In the early 1980s in Bastar, the government decided to construct houses and settle the adivasis. “That people would rush into free cement and brick houses was considered a foregone conclusion”. Except, people rushed out as quickly, back to the wilds, in the middle of the night. When they decided to introduce Abujhmad to a “better life of settled agriculture”, they were in for another surprise. Despite the formal training, the officials visited the target villages to follow up, they found “that the bullocks and rice had been eaten away” and the sarees and shirts became festoons as “respect to deities and ancestors.” At a time when a one-size-fits-all development is seen as a solution for all ills, Narendra quietly asserts that “much goes away when the landscape is torn apart”.

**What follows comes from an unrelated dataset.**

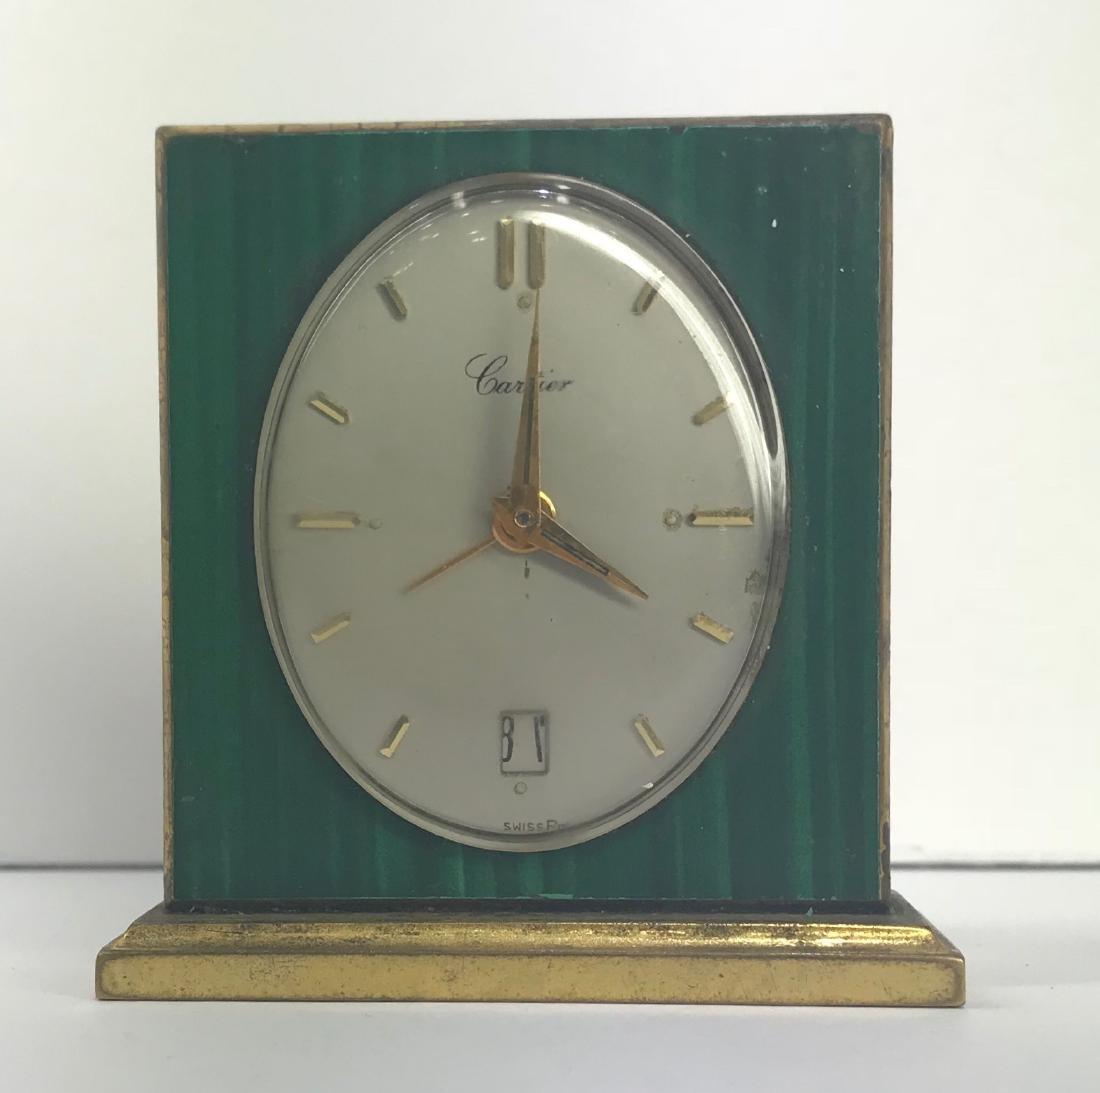 Vintage Cartier desk clock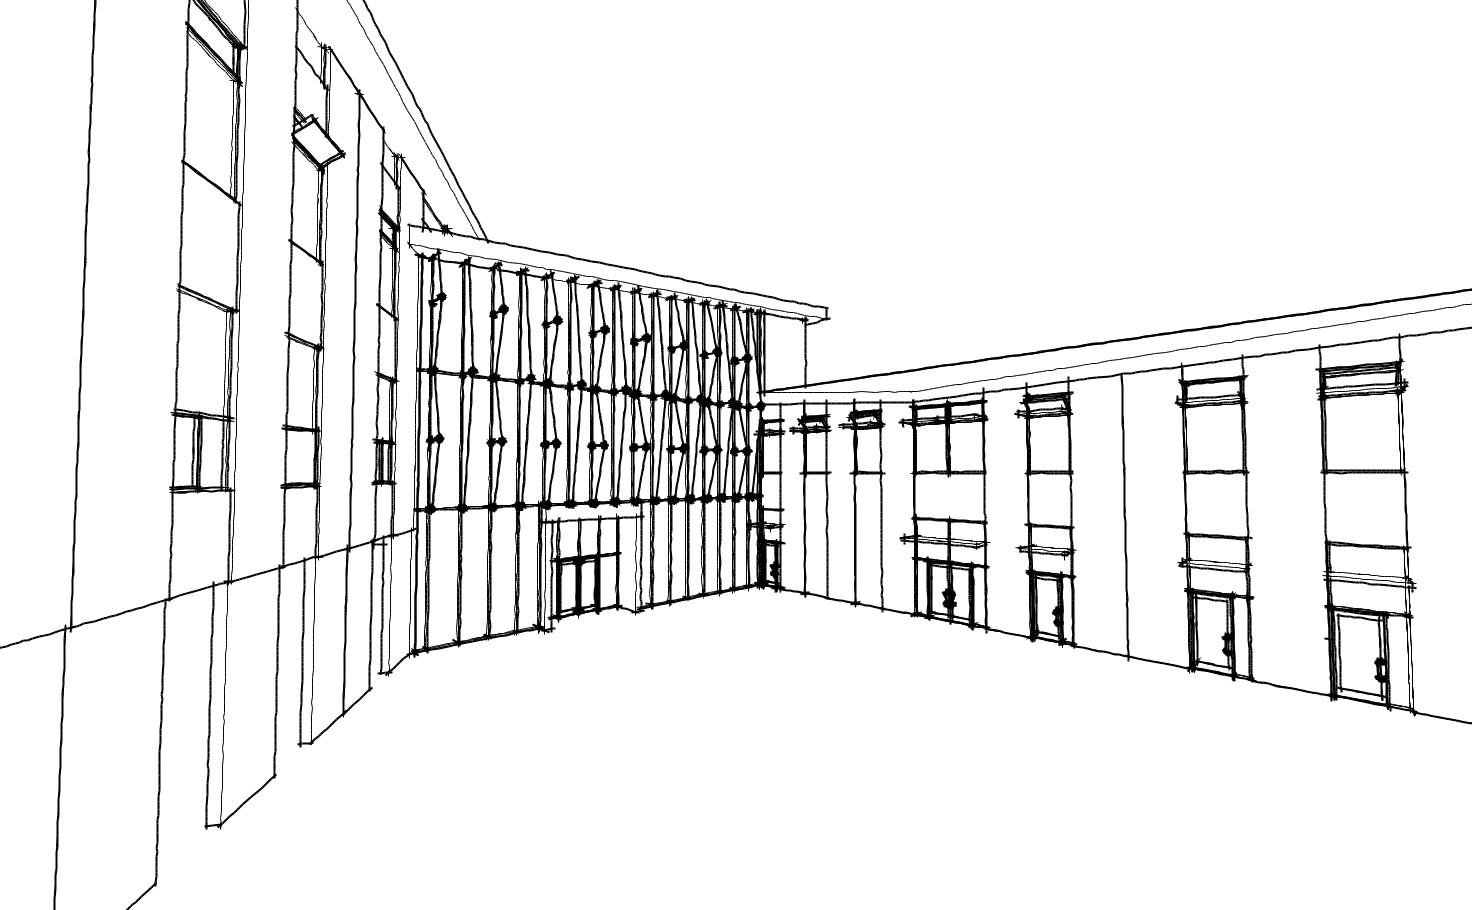 courtyard doodle.jpg

He gives the example of ghotuls (a space where unmarried youngsters live together and learn about emotional and physical relationships) which was violated and spoken about as “centres for indulgence of flesh and orgies.” But in Bastar, they “held their intimacies in utmost sacredness.”

The author struggled to speak about Abujhmad freely, both to friends and at formal events. He lacked a certain “something”, he muses, because Abujhmad “provided the material but, paradoxically, was not material.” When asked to write about the status of women in Abujhmad in 2017 for a magazine – and given a set of questions to frame them around – he was flummoxed. That wasn’t how the region could be “sensed and spoken about”, he writes. But he does elaborate. That both genders have the “same or overlapping tasks”. And that none of the “other manifestations of maladjusted societies” – rape, molestation, violence, teasing – existed there. Ironically, he says people there never grilled him about his life in Delhi. But 40 years after leaving Abujhmad, people in Delhi still do.
Throughout the book, Narendra’s voice is meditative, like a long chat with a family elder who has much to recount, a whole brood to enlighten. He candidly admits that some might accuse him of romanticising the village and the people. His own words describe the mood of the book better: a “human longing for the rhythm and flows, paces, conversations”. Abujhmad then cannot and “ought not be converted into the lowest denominator of latitudes, longtitudes, data or economic indices.”
“Perhaps the absence of clarity” the author wonders, “is also the book’s strength.” I’m tempted to agree. After a careful, close and slow read – and tamping down every other page, makes notes on the sides – I can’t describe the book in a line. At a time when everything is reduced to a meme, a reel, this book defies the trend.
Aparna Karthikeyan is an independent journalist and author based in Chennai.